Ein Apple-Techniker muss sich die AirPods von Kunden, die eine mangelhafte Funktion beklagen, nicht mehr genau anschauen. Die eklige Arbeit übernimmt eine Maschine.

AirPods gehen durchaus einmal kaputt - und dann wird Apple mit den Geräten konfrontiert, die durch den engen Körperkontakt schnell unhygienisch werden.

Ob nun ein Fehler vorliegt oder eine Verschmutzung, müssen die Mitarbeiter von Apple nun nicht mehr manuell kontrollieren. Dafür wurde eine kleine Maschine entwickelt, die die Überprüfung automatisiert.

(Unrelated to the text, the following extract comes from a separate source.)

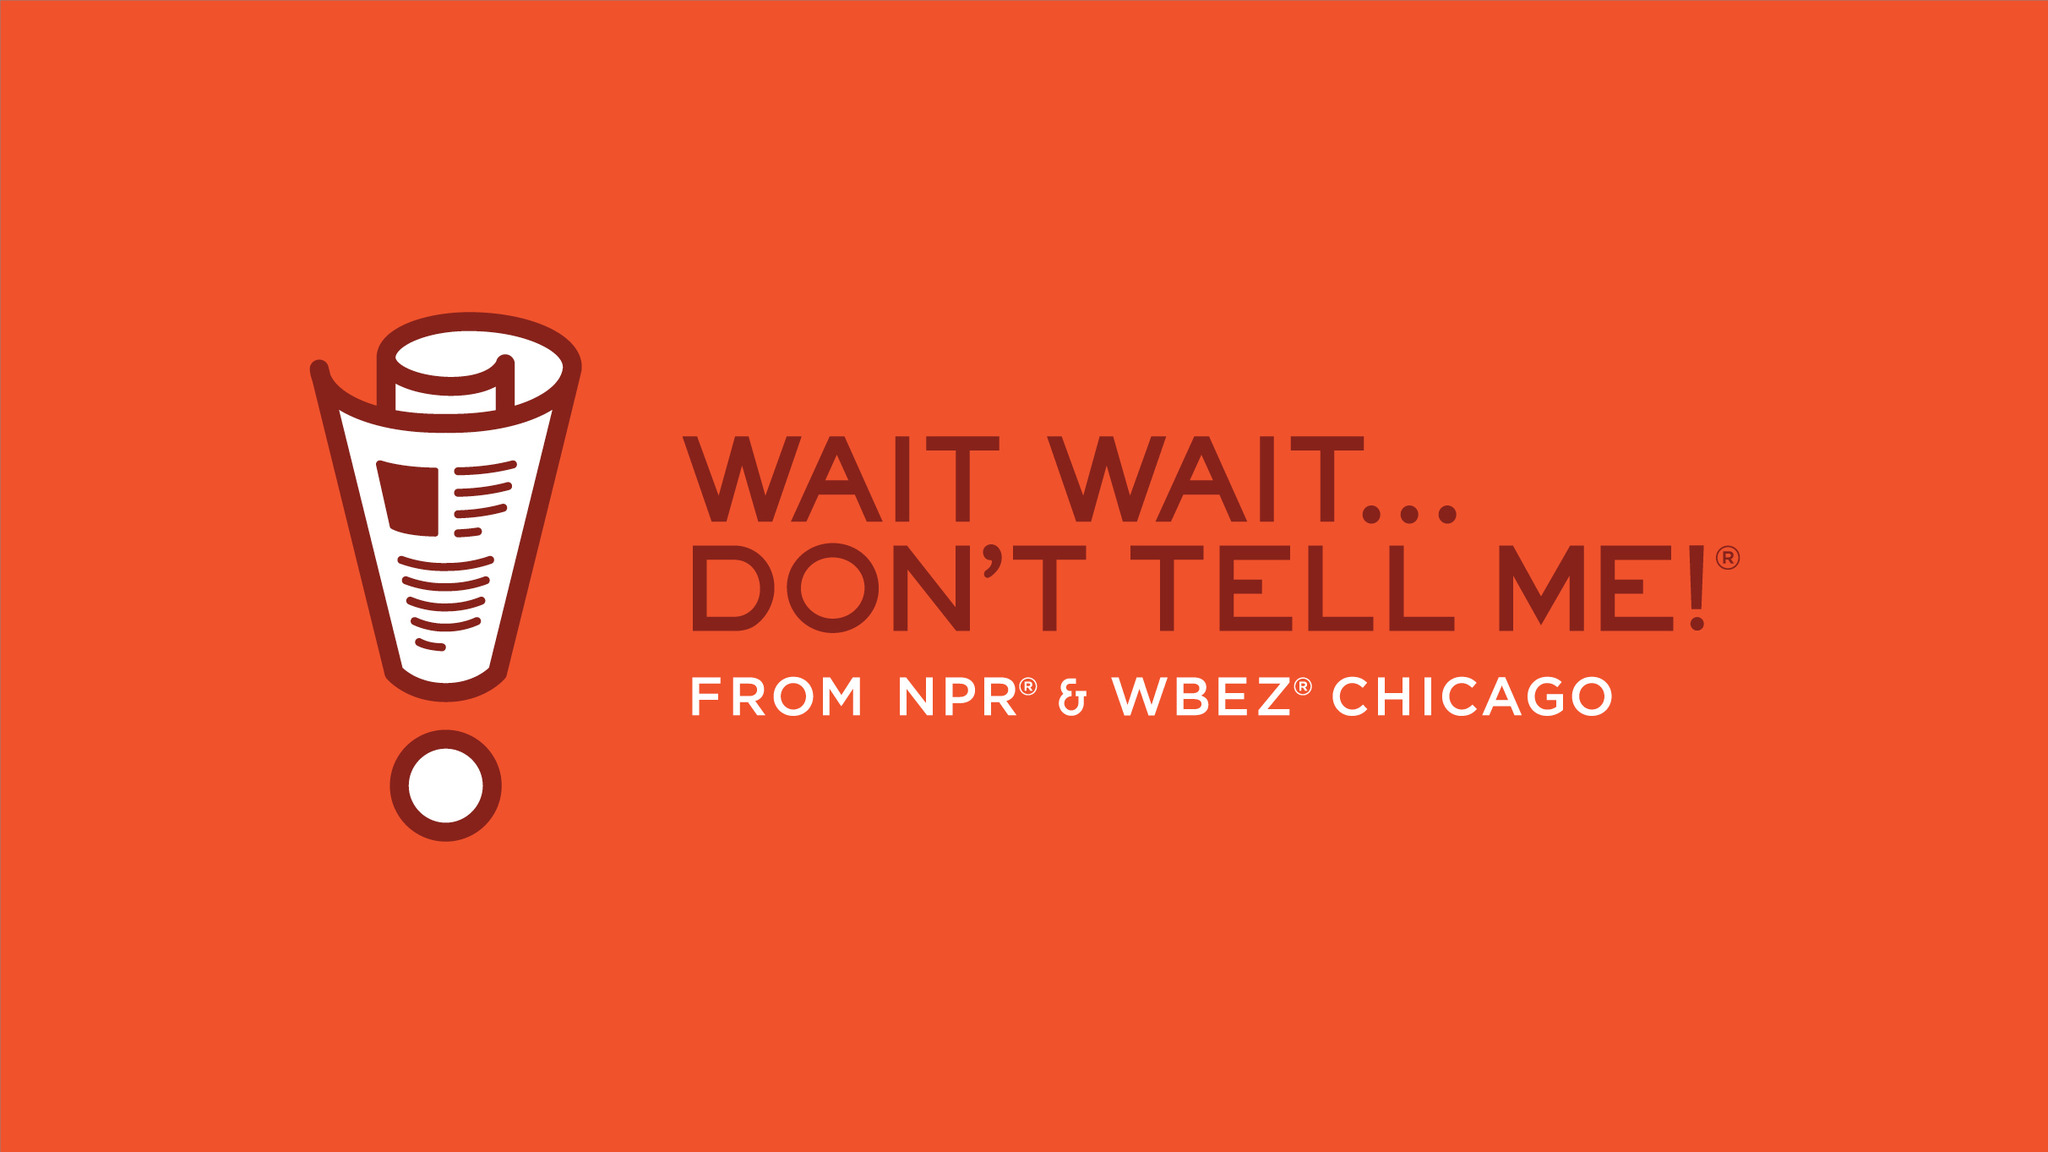 NPR's Wait Wait Don't Tell Me Tickets Event Dates & Schedule

Diese Testwerkzeug wurde nun auf Twitter veröffentlicht. Es handelt sich dabei um ein schwarzes Gerät, in das die Ohrhörer eingesteckt werden. Es sieht aus, als sei zumindest ein Teil des Gehäuses mit einem 3D-Drucker erstellt worden. Letztlich handelt es sich um zwei Mikrofone, die auf die Kopfhörer ausgerichtet sind. Und woher kommen die Mikrofone? Die stecken in einem iPhone, das in den Apparat eingesteckt wird. So lässt sich erkennen, ob die Nutzer dreckige Ohren haben oder schlicht der AirPod hinüber ist.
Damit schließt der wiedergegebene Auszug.